[Data below]
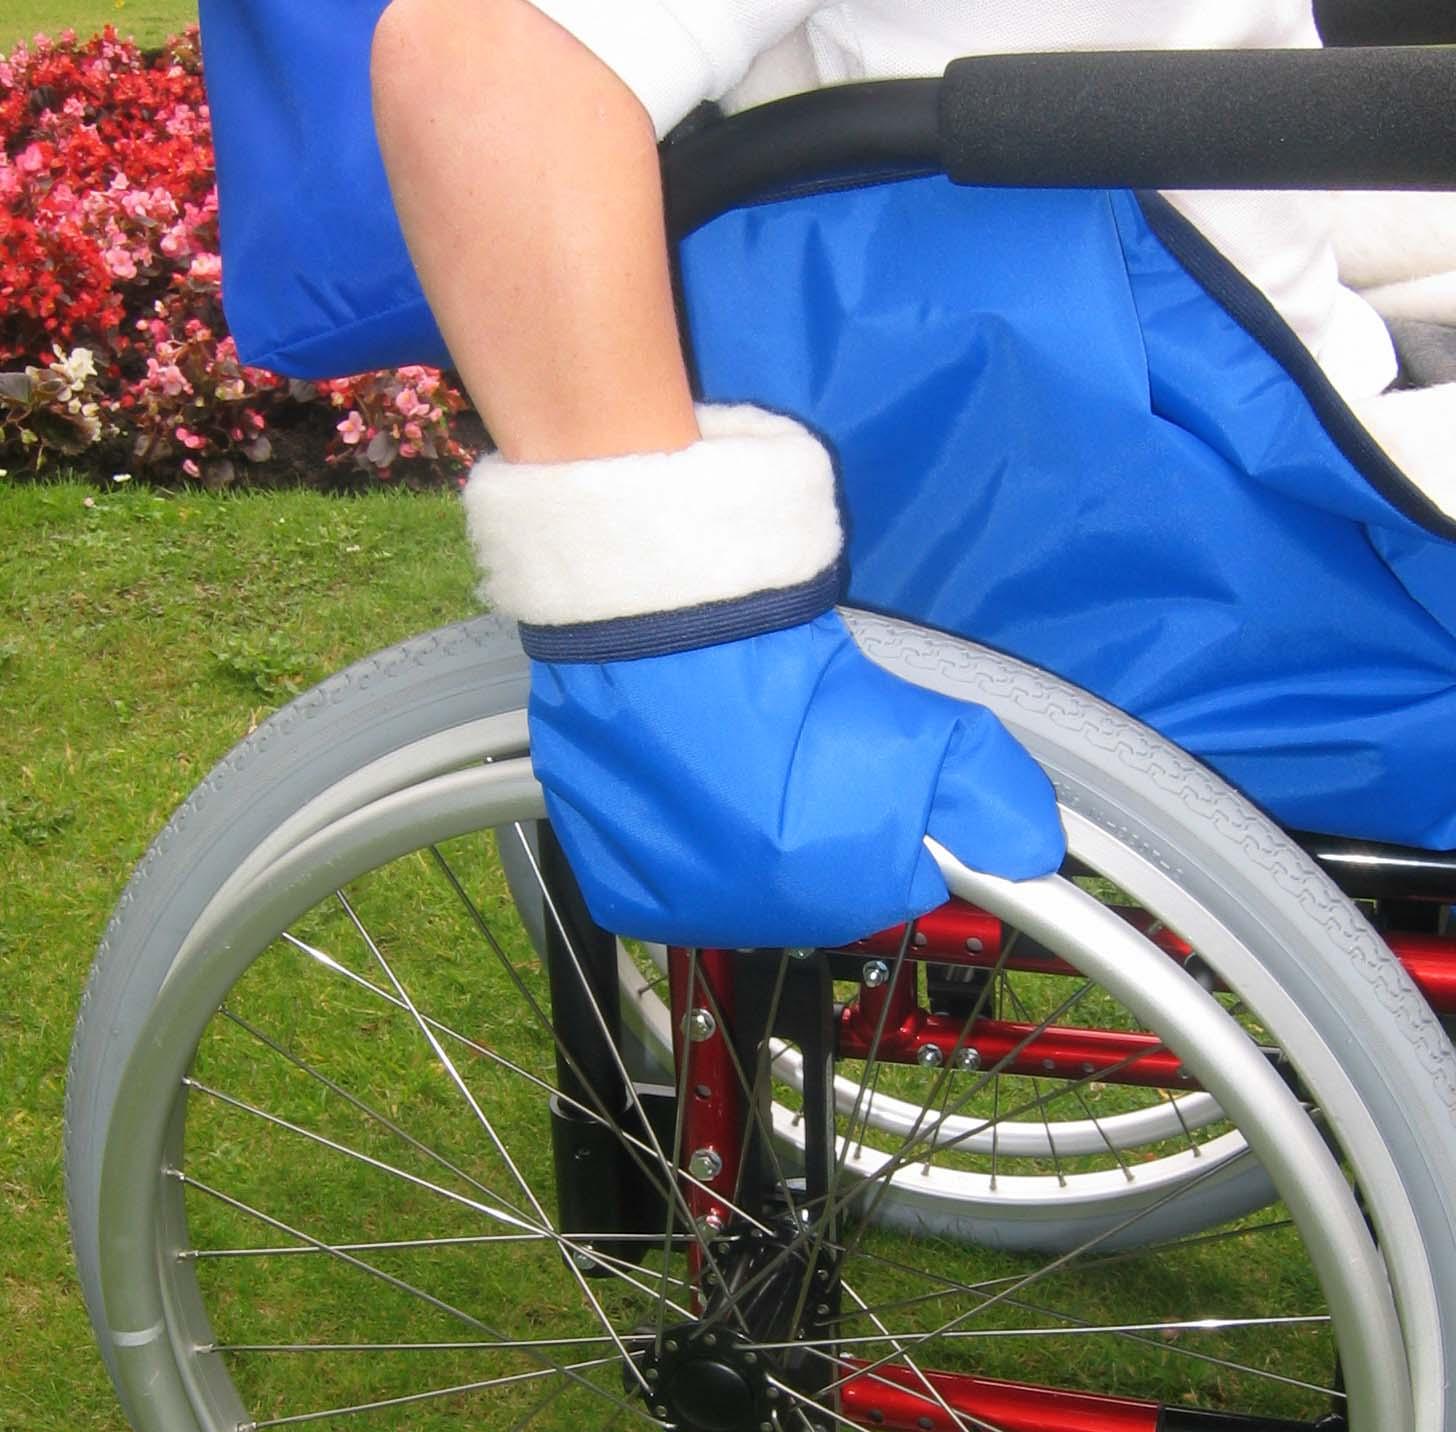 Guantes ni o para silla de ruedas - Silla de ruedas ninos ...
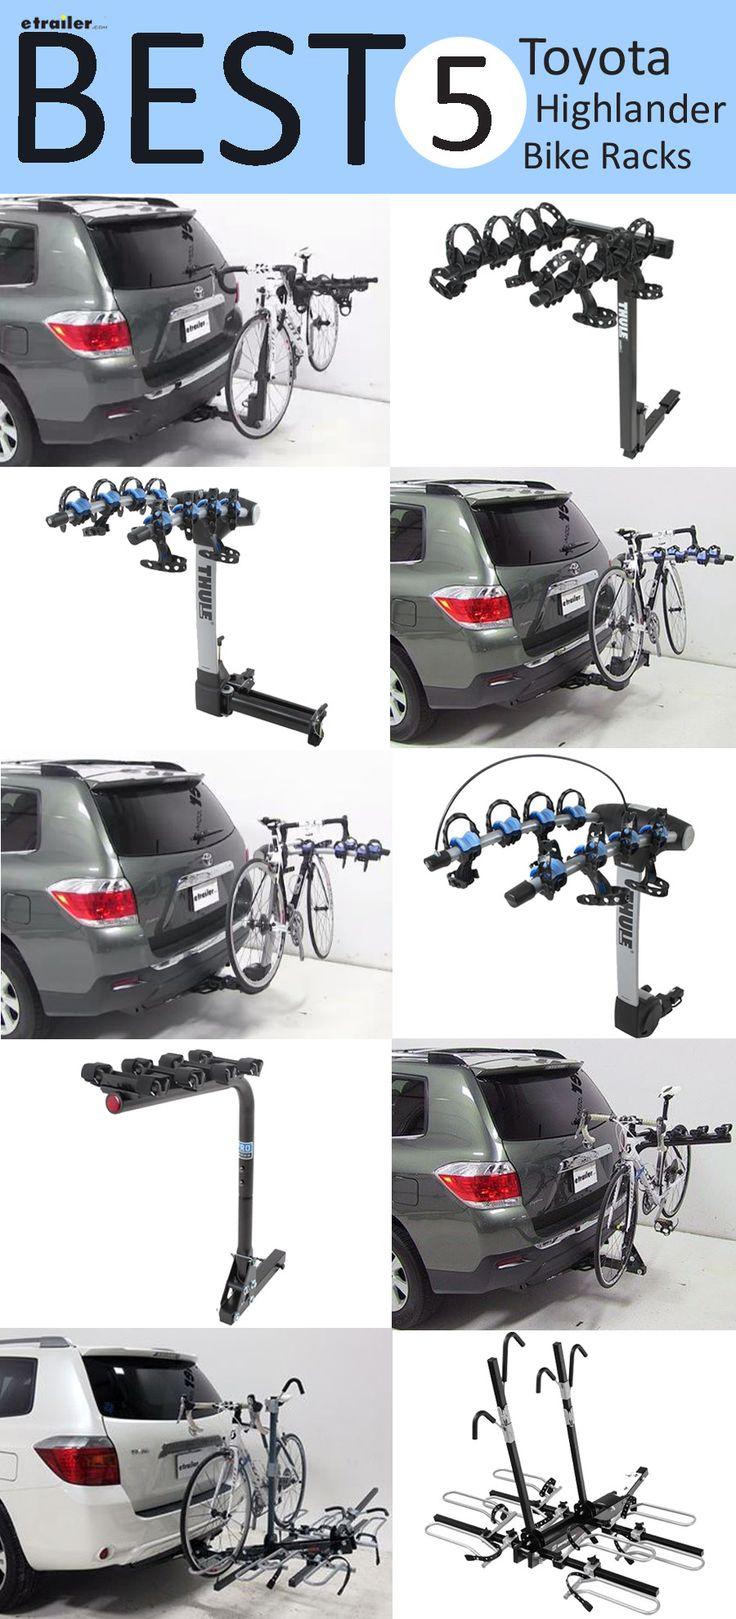 Best 5 toyota highlander bike racks hitch roof and hatch bike racks for your highlander racks for 2 to 4 bikes swinging tilting and platform r
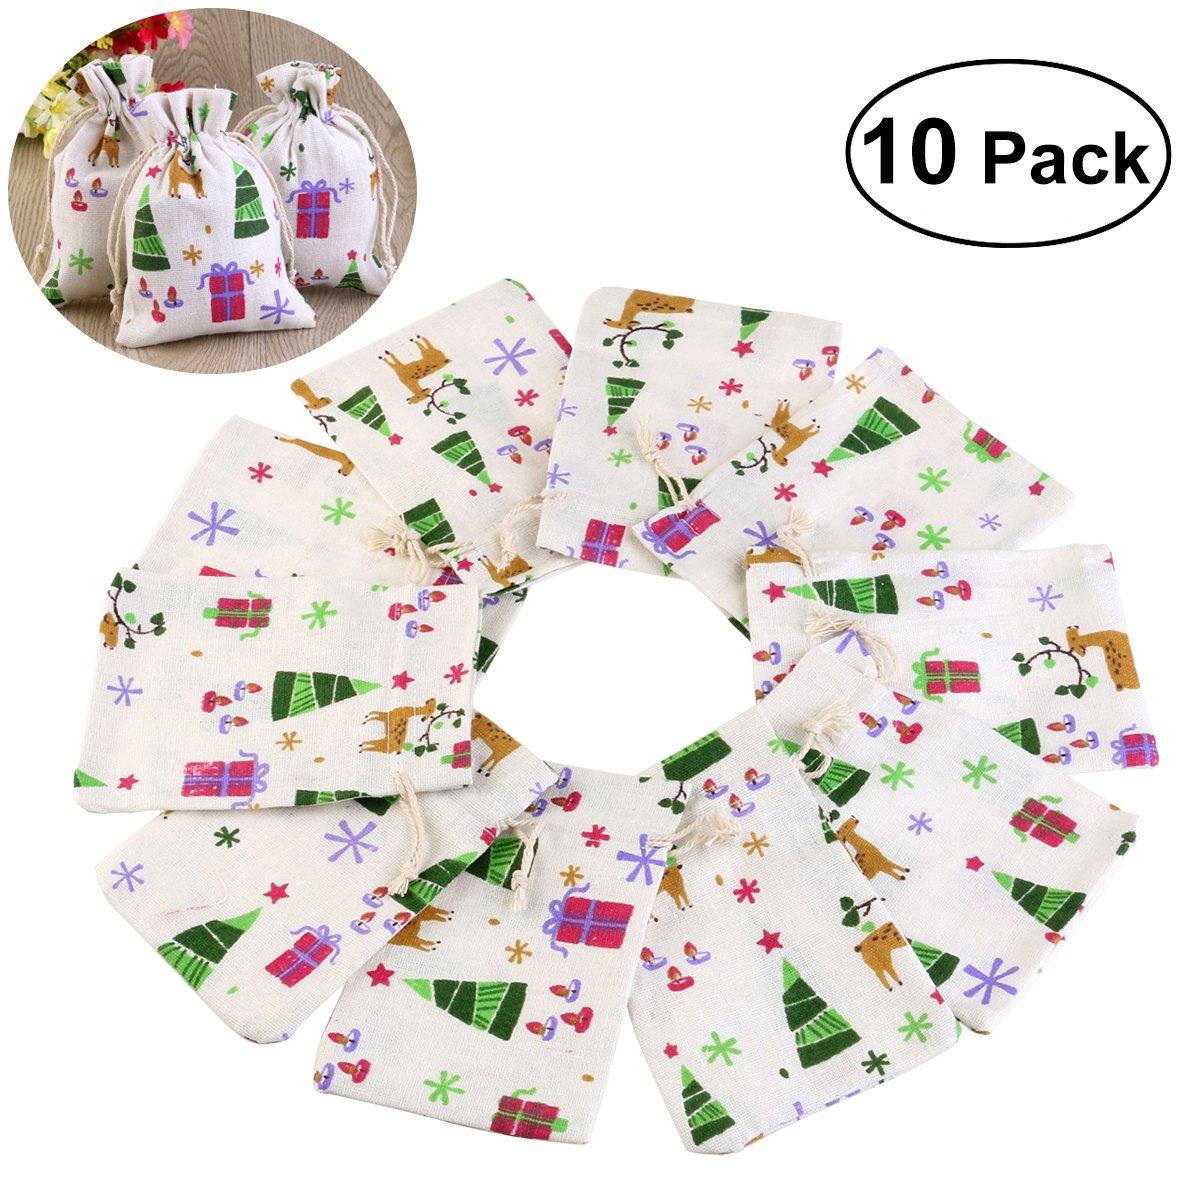 UEETEK 10pcs Natural Linen Jute Burlap Small Simple Sack Pouch Drawstring Bag Xmas Pattern Jewery Bag Wedding Favor

[Your instructions]
The listing above must be retyped word for word, without the pictures.

[Completed task]
 Guantes ni o para silla de ruedas - Silla de ruedas ninos ...
 Best 5 toyota highlander bike racks hitch roof and hatch bike racks for your highlander racks for 2 to 4 bikes swinging tilting and platform r
 UEETEK 10pcs Natural Linen Jute Burlap Small Simple Sack Pouch Drawstring Bag Xmas Pattern Jewery Bag Wedding Favor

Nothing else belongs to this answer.